У кинотеатра «Уран» стояла очередь на фильм «Леди Гамильтон», и женщина продавала горячие пирожки. Он, поколебавшись, купил один, не спрашивая с какой начинкой. Пирожок этот он проглотил мгновенно, но трогаться дальше не спешил.
— Что это, один пирожок для такого мужика здоровенного? Бери ещё.
— Что так закуталась? – одни глаза.
— Потанцуй здесь с самого утра, так и валенок на голову наденешь, — с весёлым отчаянием отозвалась торговка. – А что, глаза-то, не понравились?
— Понравились. Но как-то отогреваться всё ж надо.
— А кто отогреет?
— Сейчас у меня дело тут, на Мещанской. А часа через два освобожусь, и почему б не согреться?
Белозубо, совсем по-молодому улыбаясь, женщина открыла жгучему ветру и незнакомому покупателю круглое, румяное лицо бедовой обитательницы опасных лабиринтов великого мегаполиса:
— Через два часа меня уж здесь не будет. Пирожки холодные. Без толку только морозиться.
Офицер, откинув полу шинели, достал большие серебряные карманные часы с обрывком цепочки, к которой был привязан простой ремешок. С протяжным мелодичным звоном крышка отскочила, и часы сыграли «Ах, мой милый Августин».
— Здесь я буду ровно через час, сорок пять. Раньше не успею. Охота есть — подожди. Только учти: отогреваться будем спиртом. Потому что после контузии я мужик плохой, а точнее вовсе никакой.
На эти слова, сказанные с горькой усмешкой и дрожью, сдержанной мучительным усилием, она совсем не обратила внимания, только глянула на него, неясно улыбаясь, будто не поверила.
— Трофейные? – спросила она о часах.
— Именные.
— Дай, погляжу.
На крышке часов была причудливая монограмма из каких-то нерусских букв, пониже немудрёная гравировка, а вернее просто нацарапано было стальной иглой: «Гвардии капитану Мирскому за геройское командование батальоном при форсировании реки Днестра. 1944 год».
— Комдив вручал, — большим пальцем он указал себе за спину, где был туго набитый сидор. — Есть чем согреться. Хочешь – подожди меня, — повторил он. — Скорей пойду, скорей вернусь. Мужа-то нет?
— Не, откуда? – радостно сообщила женщина.
— Убили?
— Ага. В сорок третьем.
— На каком фронте?
— А кто его знает? Кажись, был на Втором Украинском.
— Мы с ним вроде земляки тогда, — почему-то это обстоятельство обрадовало их обоих.
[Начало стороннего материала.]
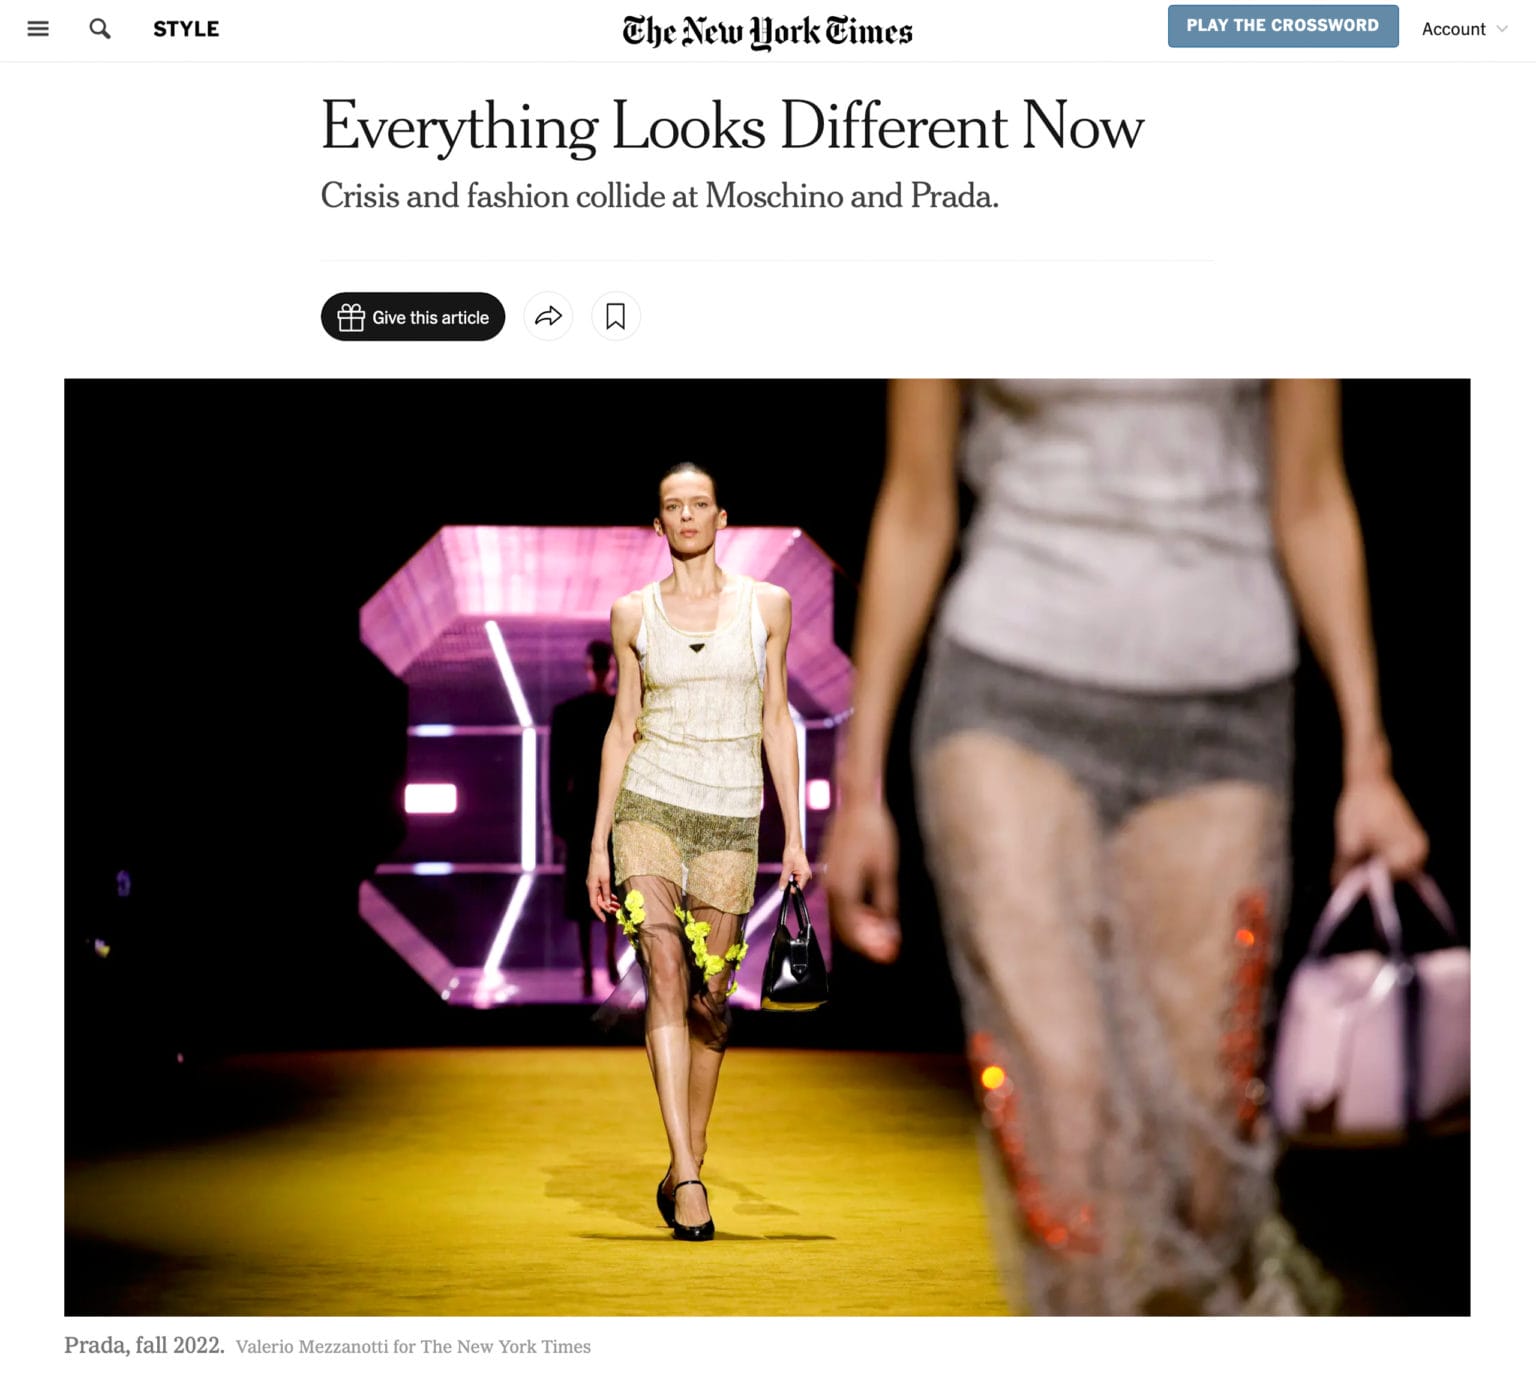 Prada Fashion Show, Photo by Valerio Mezzanotti for The New York Times

Он пересёк Сухаревку и по пути несколько раз оглянулся. Пирожница смотрела ему вслед. Не доходя площади Рижского вокзала, он вошёл в круглую просторную арку, пересёк двор и вошёл в подъезд. Лифт не работал. Он медленно, нехотя, долго подымался по лестнице на четвёртый этаж и остановился у двери, аккуратно обитой коричневой кожей. Эта обивка была новая и ему незнакома, он нерешительно потрогал её рукой. Потом вытащил записку, заткнутую за почтовый ящик, и развернул её. Торопливо было написано: «Серёженька, милый, я – на барахолку. Не жди меня, ешь картошку, на плите в кастрюле, я завернула в старый плед, а за окном селёдка, хлеб в буфете. Пей чай, сахару много. Твоего джема ещё целая банка. Я сэкономила для выходного. Целую. Люда». Эта записка не ему была адресована. Не ему предназначалась и картошка в кастрюле, завёрнутой в старый плед, который был новым, когда он покупал его своей жене, много лет тому назад, и не для него за окном была селёдка, и чай с сахаром не для него, и джем, и жена его, Люда, целовала вовсе не его. Он аккуратно сложил вчетверо тетрадочный в клеточку листок и затолкал его обратно за ящик, бережно стараясь не нарушить линии сгибов, чтоб неизвестный ему Серёженька не догадался ни о чём. Он совсем не обиделся на Серёженьку, потому что тот, вернее всего, тоже был фронтовик – американский джем в то время демобилизованные везли из Германии — и сбежал по лестнице, испытывая одновременно и муки ревности, и облегчение от того, что прошлое миновало безвозвратно, и впереди неведомая свобода. Свобода эта не показалась ему слишком холодна, когда он вспомнил весёлую бабу, возможно, ещё ждавшую его на Сретенке, и тем же бодрым шагом, изредка останавливаясь, чтобы преодолеть мучительный сухой кашель, он пошёл обратно. Торговка всё так же сиротливо стояла у входа в кинотеатр. И она обрадовано помахала ему рукой, издалека увидев его высокую, прямую, но и складную, ловкую фигуру.
— Быстро ты вернулся.
— Дома не застал.
Она держала на сгибе левой руки большую, полупустую корзину с товаром, на которую была накинута для тепла стёганая телогрейка.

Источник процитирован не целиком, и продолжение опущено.